2 minute read
MAYUMI SATO
Hometown: Yokohama, Japan
PiA post: Life Skills Development Foundation, Chiang Mai, Thailand (2017); Regional Community Forestry Training Center (RECOFTC), Bangkok, Thailand (2018) University: BA at McGill University; MA, PhD at Cambridge University
Current city: Cambridge, United Kingdom
Since she was a child, Mayumi Sato has always been on the move. Born in Yokahoma, Japan, the 27-year-old moved around Japan and crisscrossed the U.S. and Canada. With every new destination, Mayumi says she appreciated the opportunity to see “the realities of each city.” It is no wonder that Mayumi took a keen focus on Geography, which she studied at McGill University in Montreal, along with coursework in Arabic language and a minor in East Asian Studies. After finishing her undergraduate degree in 2017, Mayumi was awarded a PiA fellowship at the Life Skills Development Foundation, a Chiang Mai-based NGO where she worked with Shan refugees who fled Myanmar and helped them obtain job training and education in English and Thai.
Mayumi stayed in Thailand for two years. In her second-year post, Mayumi relocated to Bangkok to work with the environmental nonprofit Regional Community Forestry Training Center, known as RECOFTC, which assists local communities in sustainable forestry projects. Mayumi’s research in forestry policies took her all across Southeast Asia, from visiting rural communities in Thailand to interviewing timber workers in Laos and liaising with colleagues in offices in Vietnam, Malaysia and Myanmar.
She recalls a highlight of her fellowship was when she traveled to Laos to track a recent deforestation policy and its impact on local economies. She visited Vientiane, the country’s capital, and spoke with business owners who were struggling to stay afloat because they were reliant on illegal logging. She also interviewed female loggers who spoke of pay discrepancies in the industry. This experience was eye-opening for Mayumi. “You read a lot about policy, you read a lot of research,” she says, “but you don’t actually see how it actually operationalizes on the ground.”
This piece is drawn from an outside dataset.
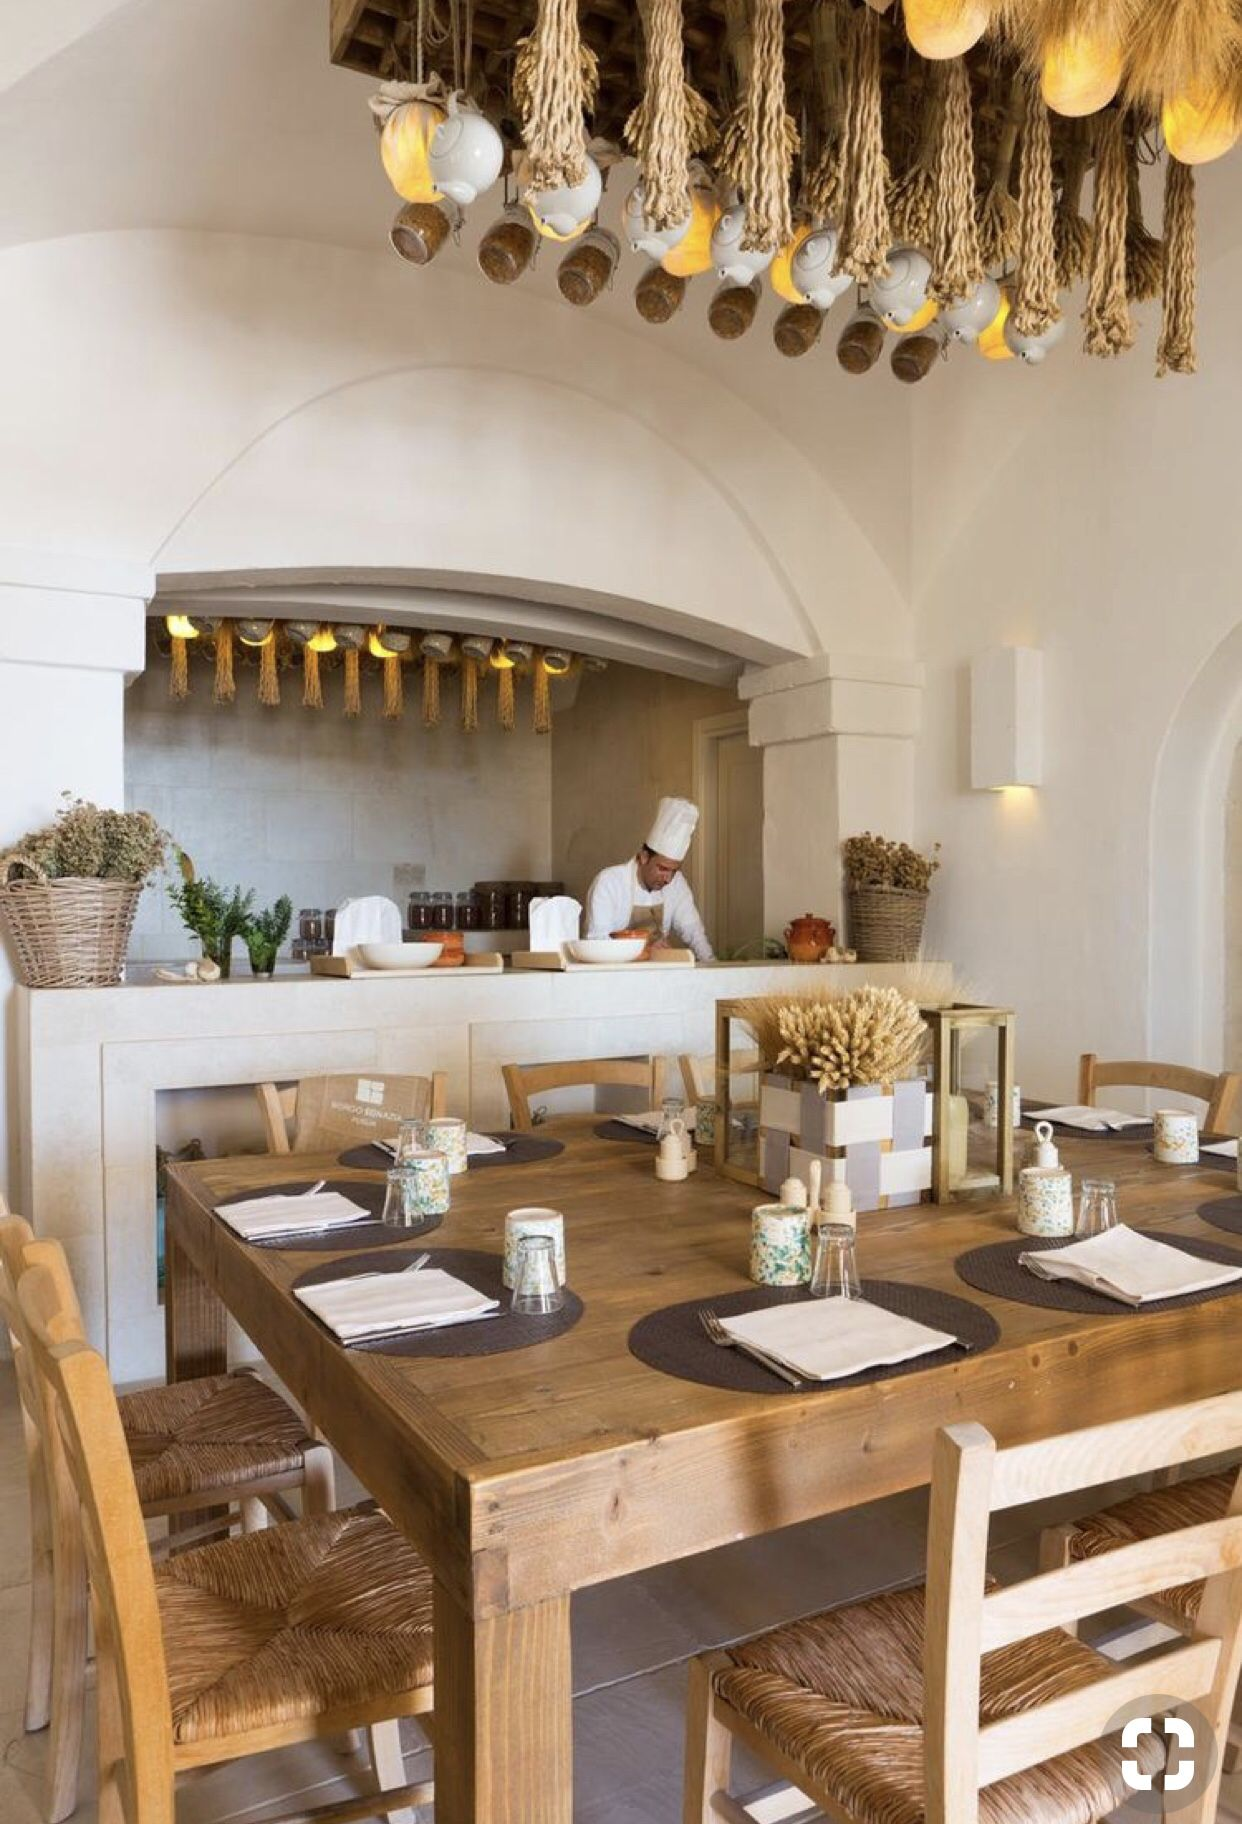 Pin by TANYA LITKOVSKA on INSPIRATION | Restaurant ...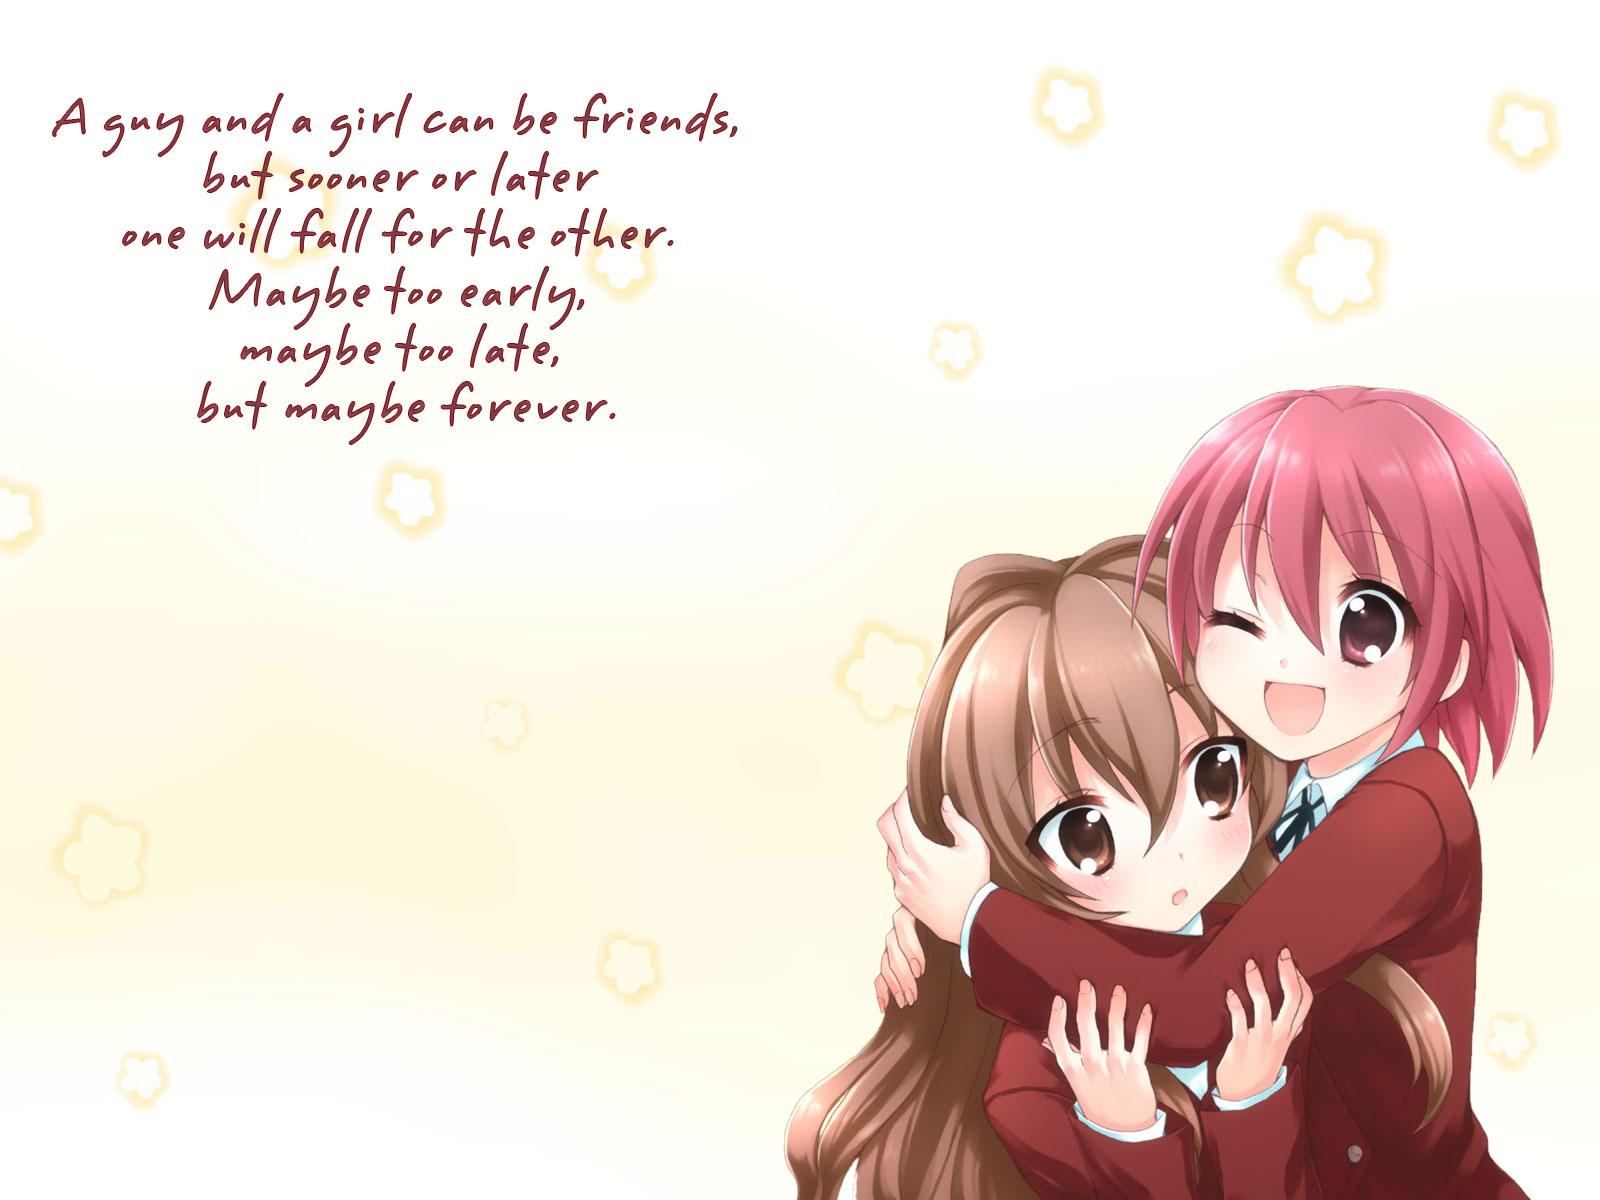 Two Anime Best Friends 1600x1200 Wallpaper Teahub Io

After finishing her post, Mayumi knew she wanted to head back to academia to bolster her research skills. She completed an MA in Sociology at Cambridge, focusing her dissertation on racism in prisons and interviewing incarcerated Black and Indigenous activists. A current PhD candidate at Cambridge and a Gates Cambridge Scholar, Mayumi is looking to narrow her research on incarceration to examine the impacts of environmental factors and settler colonialism on the health of people in prisons.
Last May, as the pandemic ravaged the world, Mayumi was finishing up her Masters and became frustrated by the structural inequalities she saw in her program – how low-income students couldn’t access reliable internet connections or resources to complete their studies while wealthier students were able to coast by. She founded The Solidarity Library (TSL), which began as a hub for students to access academic resources and expanded into COVID relief kits and funding for people in the Global South and under-resourced communities in the U.S. and Canada. After receiving some grants, Mayumi and her team built The Solidarity Library’s first fellowship, the Edu-Justice Graduate Fellowship, which offers mentorship for students of color in higher education. She shared TSL on the PiA alumni page and soon she brought on a former Fellow who replaced her post in Bangkok to the organization’s board; two other Fellows became mentors and mentees for TSL’s flagship fellowship.

During the pandemic, Mayumi dove into her work on The Solidarity Library as a way to “distract herself from isolation,” she says – while juggling a role at the Samuel Centre for Social Connectedness, a research assistant position, and a writing job at the UN Environment Programme. When she has down time, Mayumi says she recently bought herself a violin, rekindling a childhood passion.
Looking ahead, Mayumi hopes to establish The Solidarity Library as a formal organization with an office and members around the world. She wants to find sustainable funding and have a dedicated team - not just other full-time students. “This chance of mentoring specifically students of color, I see the potential where I can actually teach them and have a greater impact.”